STEPHEN R. BOUGH, District Judge.

Defendant Quest Diagnostics’ motion to dismiss Plaintiffs Talita Miller and Crispin Rork’s claims for violations of the Fair Credit Reporting Act (“FCRA”) (Doc. 11), is granted in part and denied in part. Defendant’s motion is denied as to Count I and granted as to Count II.

I. Pleading Standard

Defendant brings its motion to dismiss under Federal Rule of Civil Procedure 12(b)(6). In order to survive the motion to dismiss, Plaintiffs’ complaint must meet the standard set out in Rule 8(a), which requires that a plaintiff plead sufficient facts to state a claim upon which relief may be granted. “To survive a motion to dismiss, a complaint must contain sufficient factual matter, accepted as true, to ‘state a claim to relief that is plausible on its face.’ ” Ashcroft v. Iqbal, 556 U.S. 662, 678, 129 S.Ct. 1937, 173 L.Ed.2d 868 (2009) (citations omitted). A pleading that offers only “labels and conclusions” or a “formulaic recitation of the elements of a cause of action” is not sufficient. Id.

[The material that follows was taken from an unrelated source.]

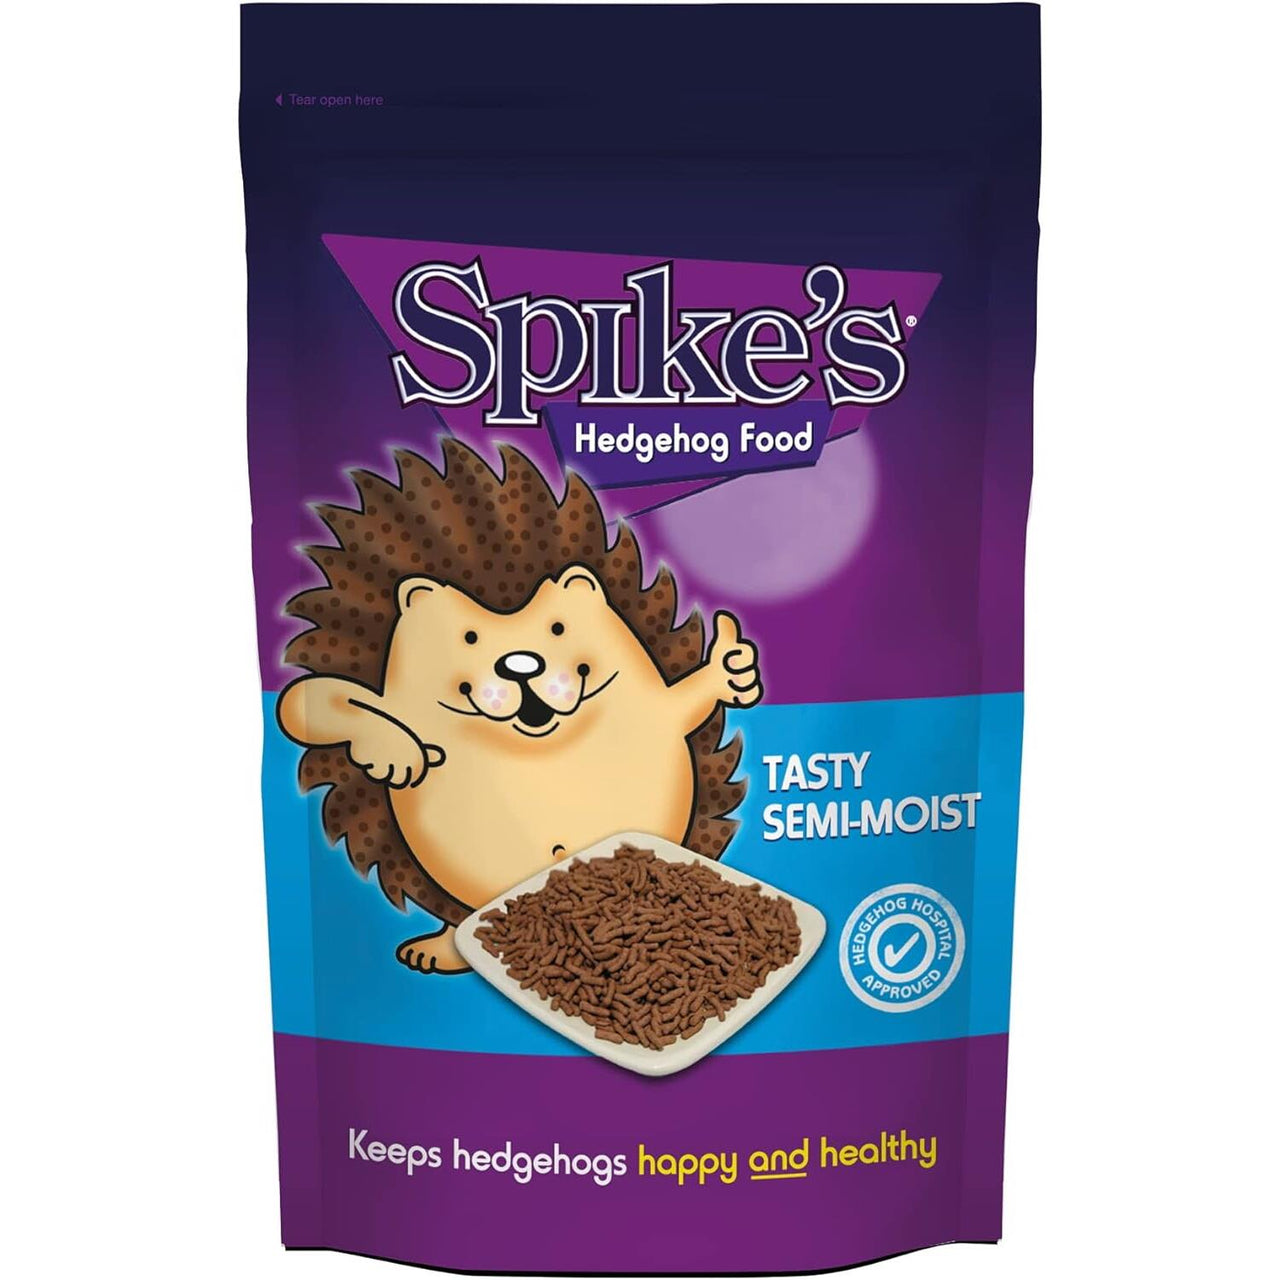 Spikes - Tasty Semi-Moist Hedgehog Food, 550g Pack
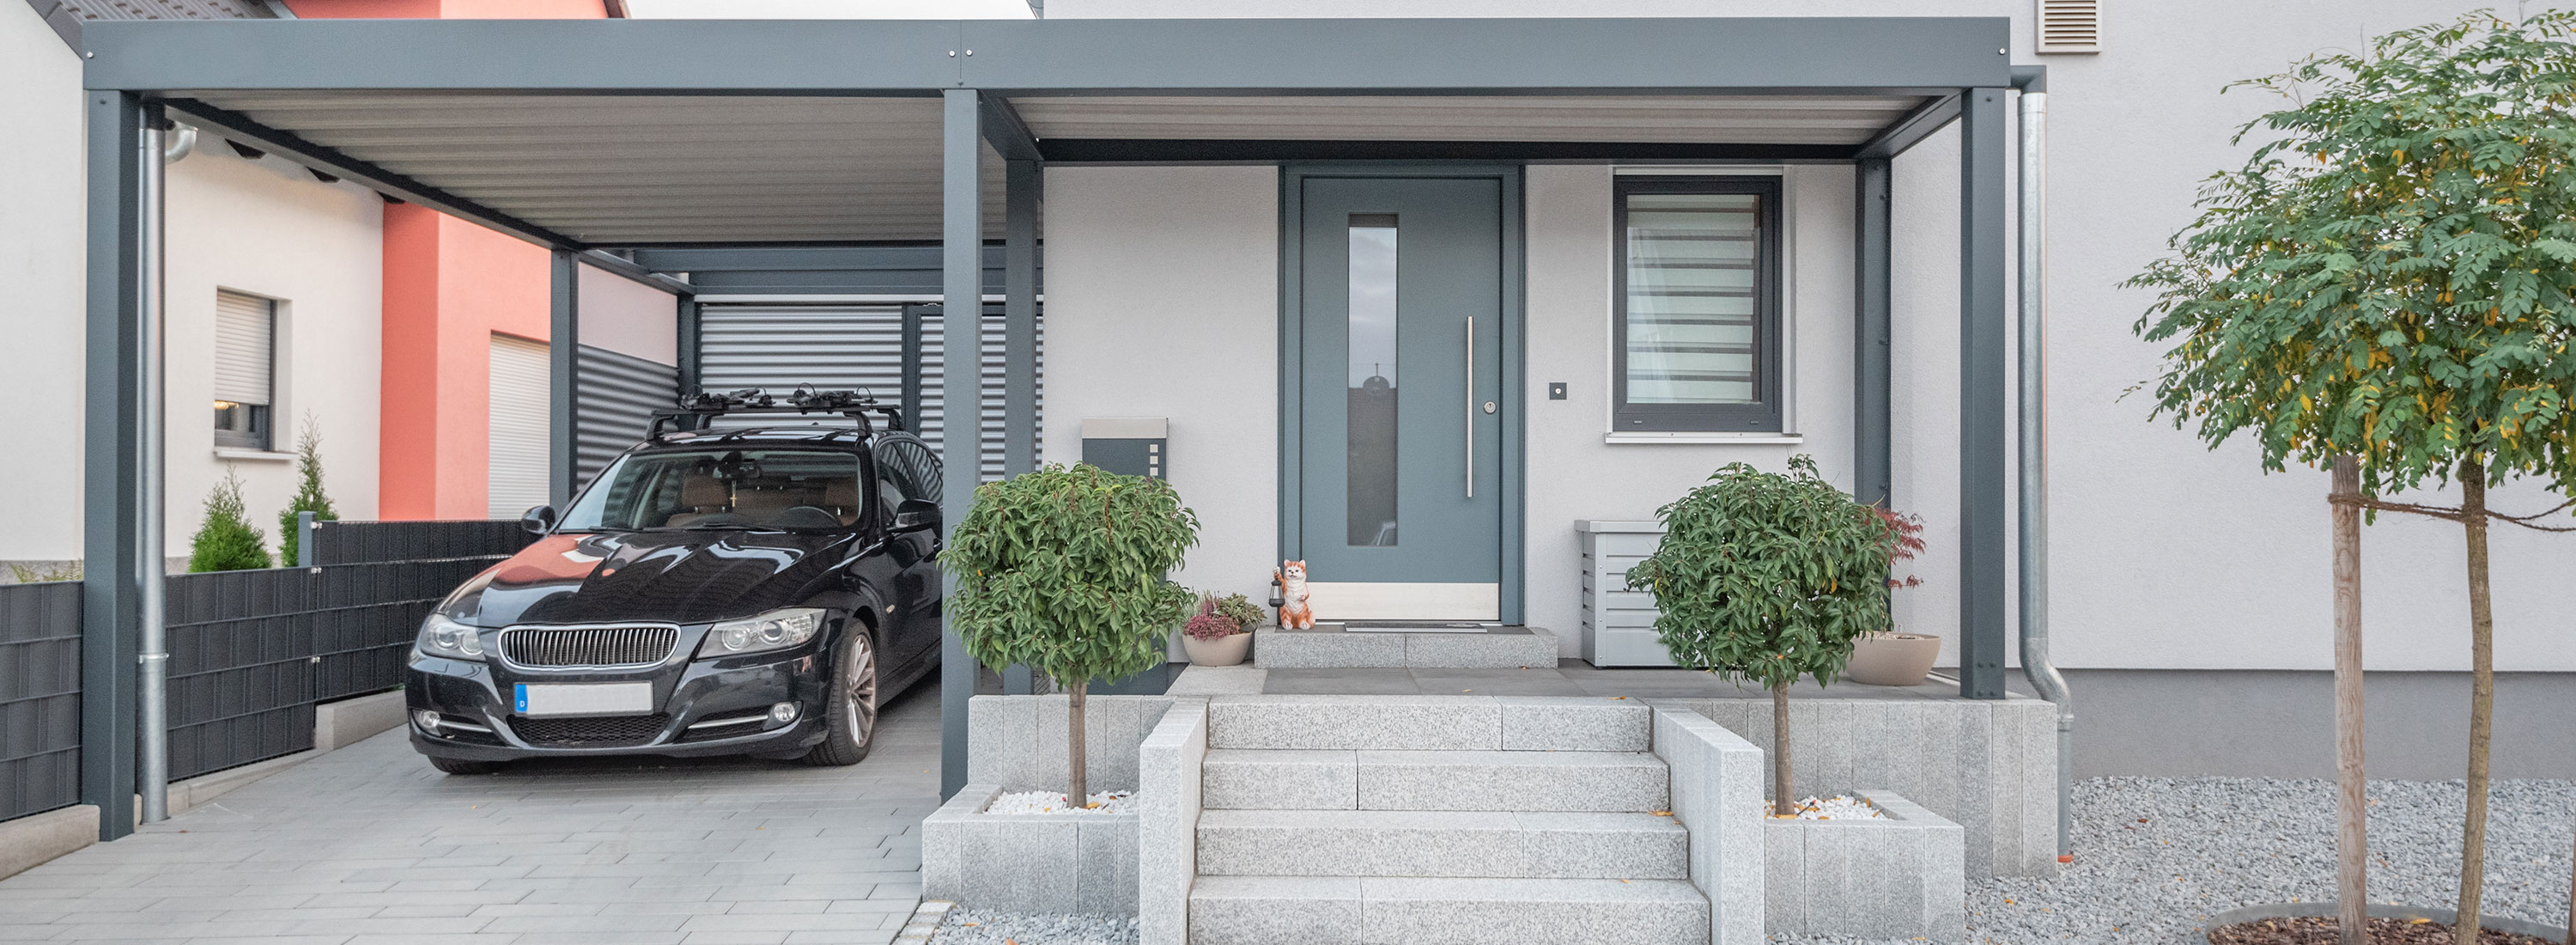 Haustür einbauen lassen in Wiesbaden Haustürfirma

In determining whether the complaint alleges sufficient facts to state a plausible claim to relief, all factual allegations made by the plaintiff are accepted as true. Great Plains Trust Co. v. Union Pac. R.R. Co., 492 F.3d 986, 995 (8th Cir.2007) (noting that legal allegations are not accepted as true). If the facts in the complaint are sufficient for the Court to draw a reason[1060]*1060able inference that Defendant is liable for the alleged misconduct, the claim has facial plausibility and will not be dismissed. Iqbal, 556 U.S. at 678, 129 S.Ct. 1937.

II. Background

Plaintiffs bring this case as a putative class action, arguing that Defendant violated the FCRA through its process of obtaining consumer reports regarding prospective employees.

Plaintiffs first allege that Defendant violated the FCRA by failing to inform prospective employees that a consumer report would be obtained about them “in a document consisting solely of the disclosure.” Specifically, Plaintiffs allege that Defendant’s disclosure form contains approximately one page of information regarding state statutes and various, state-administered employee rights with respect to consumer reports, none of which applies to Plaintiffs; a release provision stating that' the signatory “fully understand^] that all employment decisions are based on legitimate non-discriminatory reasons[;]” and administrative sections marked “For Office Use Only” and “Employer Use Only.” [Complaint, Doc. 1-1, pp. 6-9].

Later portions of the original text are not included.